# Please Read -- Regarding DIS Guidelines and suspected violations



## Obi-Wan Pinobi

The following applies not just to the Transportation Board but to any of the forums on the DIS -- 

If you see a post on the DIS that you suspect violates the posting guidelines found here, the only appropriate action is to contact the Moderator Team for that particular board.  This can be done by clicking on the Report Bad Post icon  
	

	
	
		
		

		
			
		
		
	


	




   found at the lower left below the poster's name and tags, and an e-mail will be sent to that board's moderators.  You can also contact the Mods individually if you wish, either by e-mail or Private Message.  

Please do NOT take matters into your own hands by confronting a suspected violator openly on the boards.  This can be considered a personal attack (which is against board guidelines), especially if the suspect has not violated any guidelines.

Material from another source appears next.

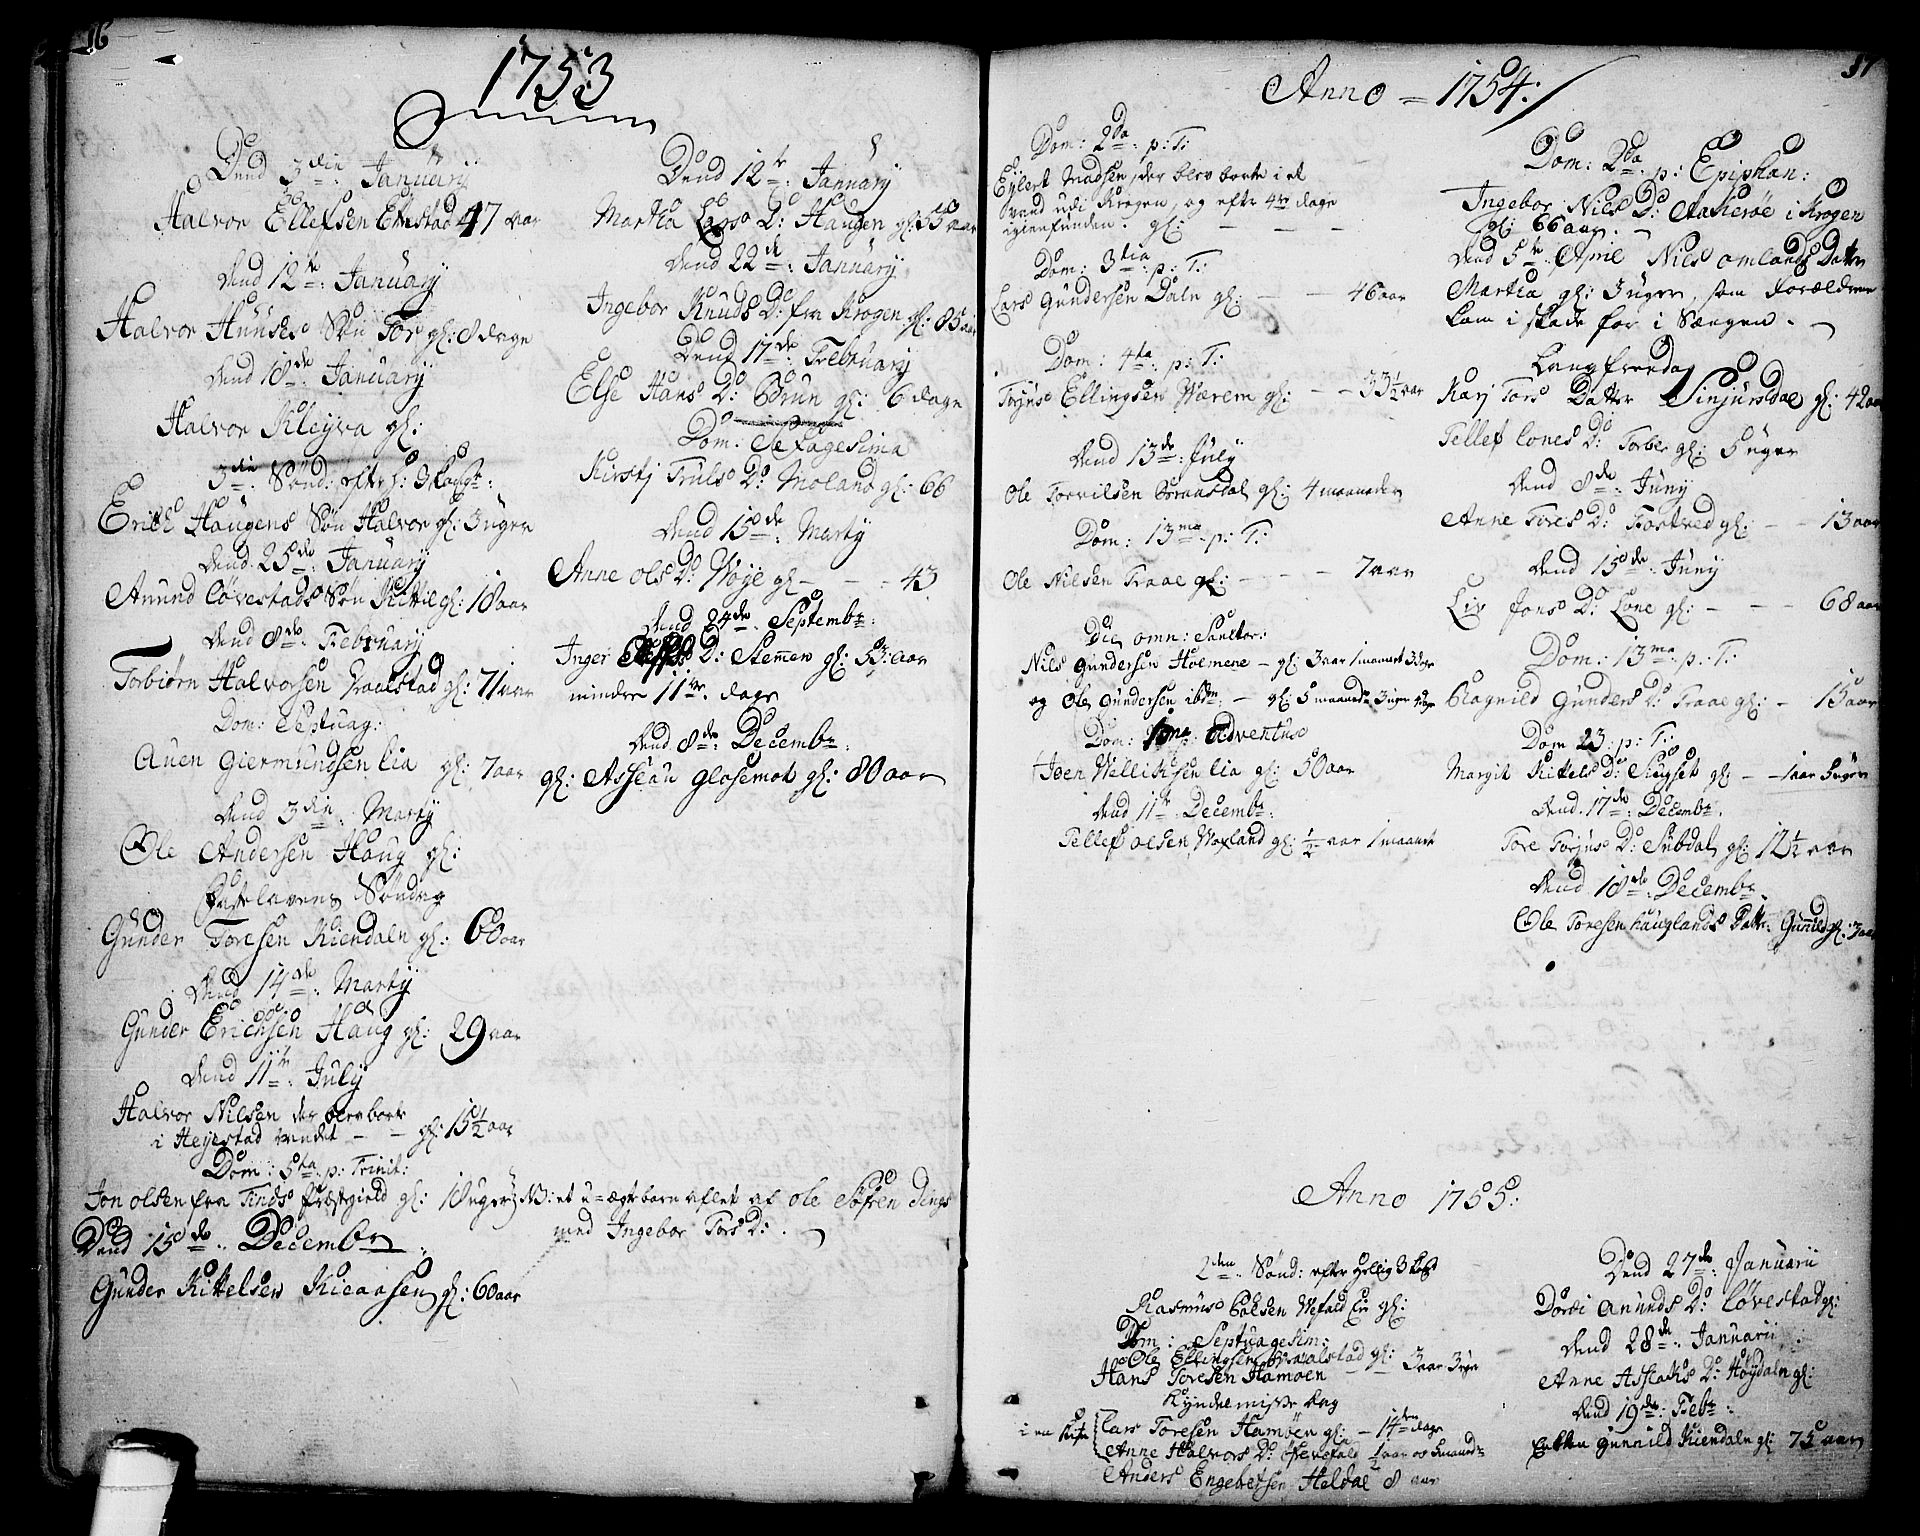 SAKO, Drangedal kirkebøker, F/Fa/L0001: Ministerialbok nr. 1, 1697-1767, s. 16-17

Thank you to everyone for your cooperation.


----------



## CindyMcClung

what does restarting a closed thread mean?  I have a tread for points for transfer and closed it because I thought I found someone to make a transfer to, however that person never completed the transaction.  Can I post my transfer again?


----------



## tobiasschnell

Thanks for sharing the rules.


----------



## Abdieso

Thank you to share.


----------



## doreleta821

Thank you for share, I get it


----------